Pg_branch: Experimental Postgres extension brings Neon-like branching

Daily Digest email

Get the top HN stories in your inbox every day.

sverhagen

I think I saw an Uber-engineer's presentation (YouTube; can't find it now anymore) about their test environment having the ability to automatically fork the database for every new test run, such that they could easily "revert" (in their case ignore/walk away from) the database after a test run. I find that an appealing idea, since regular test runs in the places where I work, tend to create cruft data in the test enviroment that is lopsided and voluminous in ways that do not properly represent the production system anymore. (And no one wants to troubleshoot performance issues that only ever exist in the test environment.) I have to imagine that pg_branch might be part of building a solution similar to this?
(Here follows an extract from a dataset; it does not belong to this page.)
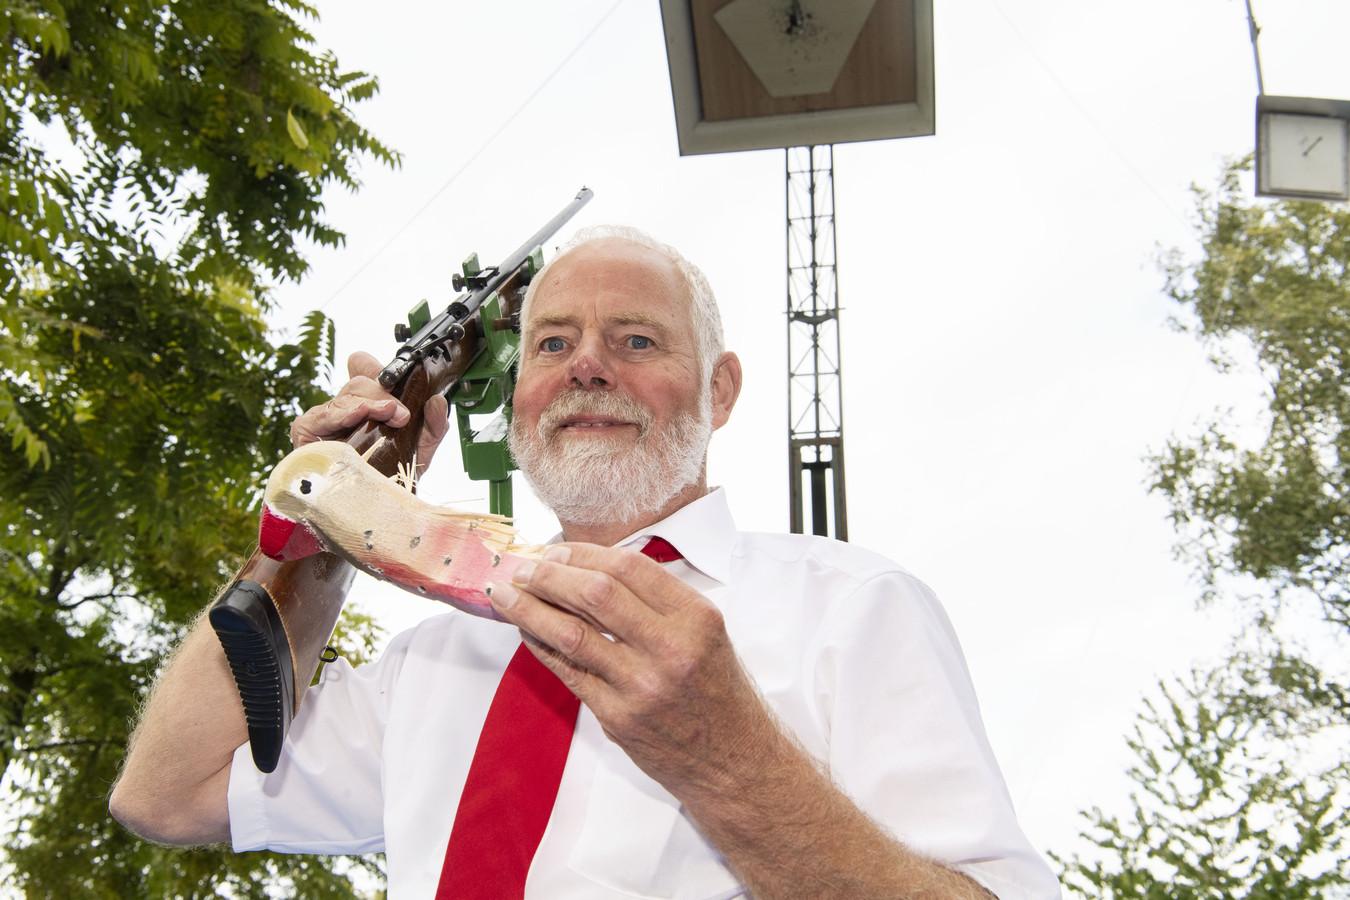 TT-2019-013190 - GLANERBRUG -  Schuttersfeesten Glanerbrug! De nieuwe koning, Gerrit Hulsbeek, schiet de vogel neer,

Could people speak to some practical applications for this? Maybe I'm thinking about entirely the wrong one here...

petepete

> about their test environment having the ability to automatically fork the database for every new test run, such that they could easily "revert" (in their case ignore/walk away from) the database after a test run

I think this should be really straightforward by using one database as a template for another. This is how Postgres's create database works and it defaults to Template1

https://www.postgresql.org/docs/current/manage-ag-templatedb...

jasfi

The intention of pg_branch is to optimize this process. They mention two problems:

1. The template database can't have active connections during the CREATE DATABASE process.

2. The CREATE DATABASE from a template database can be slow for large DBs.

ilyt

> The template database can't have active connections during the CREATE DATABASE process.

Why would that be a problem ?

dalore

If you have lots of data, this can take some time

The appeal of this project is that it uses CoW (copy on write), so in theory it should be fast to copy as it only maintains writes.

Zanfa

A common pattern in Ruby-world is running each test case in a database transaction that is rolled back. A simple way to keep a clean slate in your test database.

sverhagen

Been there, done that, but please beware, this means that you're missing out on some nuanced behaviors that you would get if your subject under test would actually commit the transaction. I moved away from this entirely. A more-reliable setup is to let the test commit real transactions, and cleanup afterwards. You might be able to do that by calling "delete" on all repository instances, in the tearDown method of your tests. Or you could use something like Flyway to reset and reinitialize the database entirely before every test. That sounds expensive, and it certainly depends on the kind of project we're talking, but if this is a moderately-sized microservice, and you're running tests scoped to just that microservice, the setup shouldn't be too crazy, and this may actually run pretty smooth. (We run our database in a Testcontainers instance.)

vb-8448

It's also quite common in python and I guess in any other language. It's great for unittests, but not suitable for integration or end-to-end tests.

prpl

Salesforce does this for customers:

https://developer.salesforce.com/blogs/2022/09/sandboxes-on-...

vasco

We have something like this with gitlab "review apps". Each MR launches an env with its own db that applies migrations and fake data inserters, so each MR has its own db at current state of MR.

mj4e

For anyone wondering what "Neon-like branching" is, this is worth a read: https://neon.tech/blog/database-branching-for-postgres-with-...

nerdyadventurer

Is branching library open sourced?, AFAIK Neon is.

wdb

How does this differ with Postgres AI's thin cloning and database branching? https://github.com/postgres-ai/database-lab-engine

nalexpear

It's very similar! Postgres.ai is built on ZFS and is a separate application that manages the file system and its branches/"thin clones". pg_branch is an extension that hooks directly into Postgres's own commands (specifically, CREATE DATABASE) to trigger branching.

vb-8448

Postgres AI seems to be a "managed solution" while this is an extension you could use on your self-hosted instance. But, under the hood, they are very similar.

samokhvalov

Underlying DBLab Engine is FOSS (Apache 2.0), with API, CLI and UI https://github.com/postgres-ai/database-lab-engine

klysm

Yea but there’s incentive to obscure it given the managed solution. I view it as high risk

bhouston

Interesting that branching is now better supported and almost free. I wonder if merging can be simplified or whether it already is as simple and as fast as it can be?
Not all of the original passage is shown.